Beyond that, the process of becoming emotionally self-sufficient may have other dysfunctionalities in terms of consensus reality. Become more involved with our own reality may cause us to feel less cooperative with some cultural structures based on external authority. Over time, I think, we actually learn to navigate these structures more effectively, but things can be a little rocky when we’re in transition and trying to figure out who we are now.

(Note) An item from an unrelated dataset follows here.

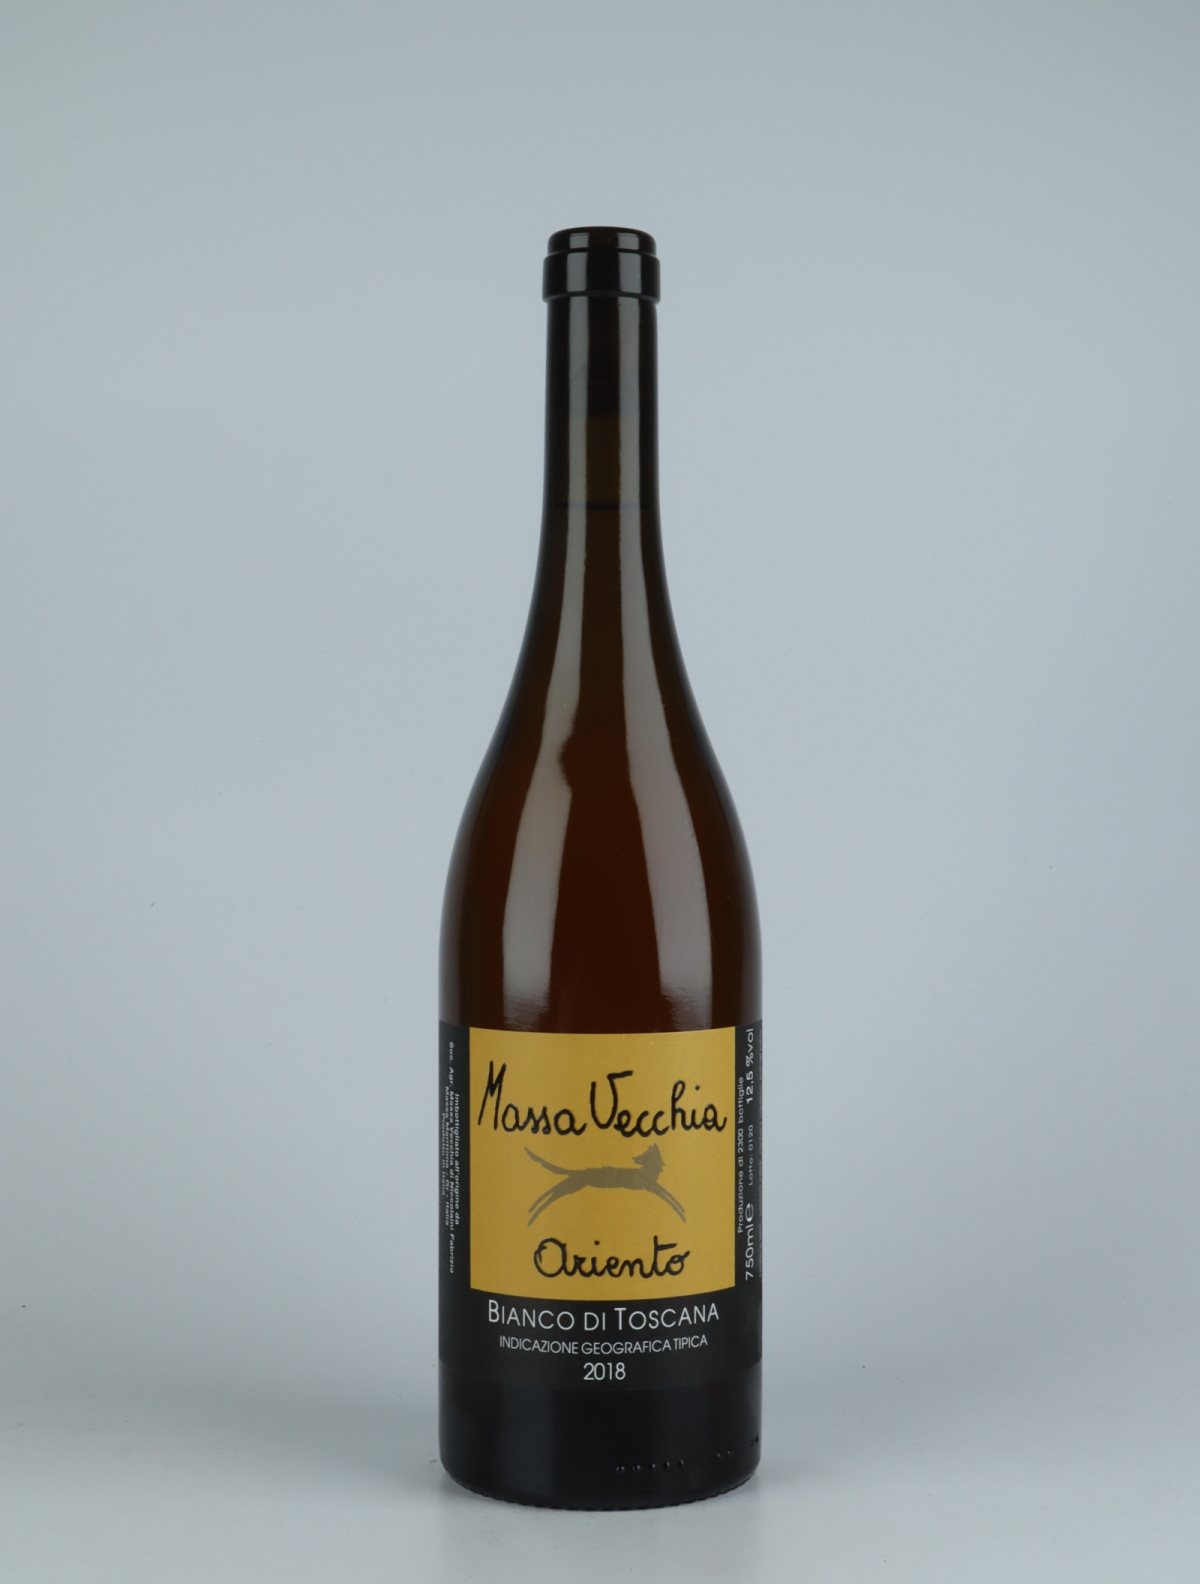 A bottle 2018 Ariento White wine from Massa Vecchia, Tuscany in Italy

We may feel a little messy, ungrounded. It’s a kind of second adolescence, and that may not be attractive, especially if we’re heavily invested in maintaining a rigid structure inside of ourselves. (Oh hell, we’ve all got rigid structures inside of ourselves, and they fight back when we take a pickax to the foundations.)
So maybe you feel self-sufficient enough. Maybe you sorted that out a long time ago in the cauldron of a lot of violence and threats to your survival and sanity. Maybe you see the causes and effects of everything around you as much as you want to. I wouldn’t be surprised if a lot of people feel the same way. and if they done and back out in the world feeling confident and able to love and trust again, I applaud them. It just didn’t work that way for me.
I’m just one person, talking about what I think. The only authority I have is based on whatever benefit people get from my writing. People get something out of it or they don’t. To the extent they do, I’m grateful to be understood.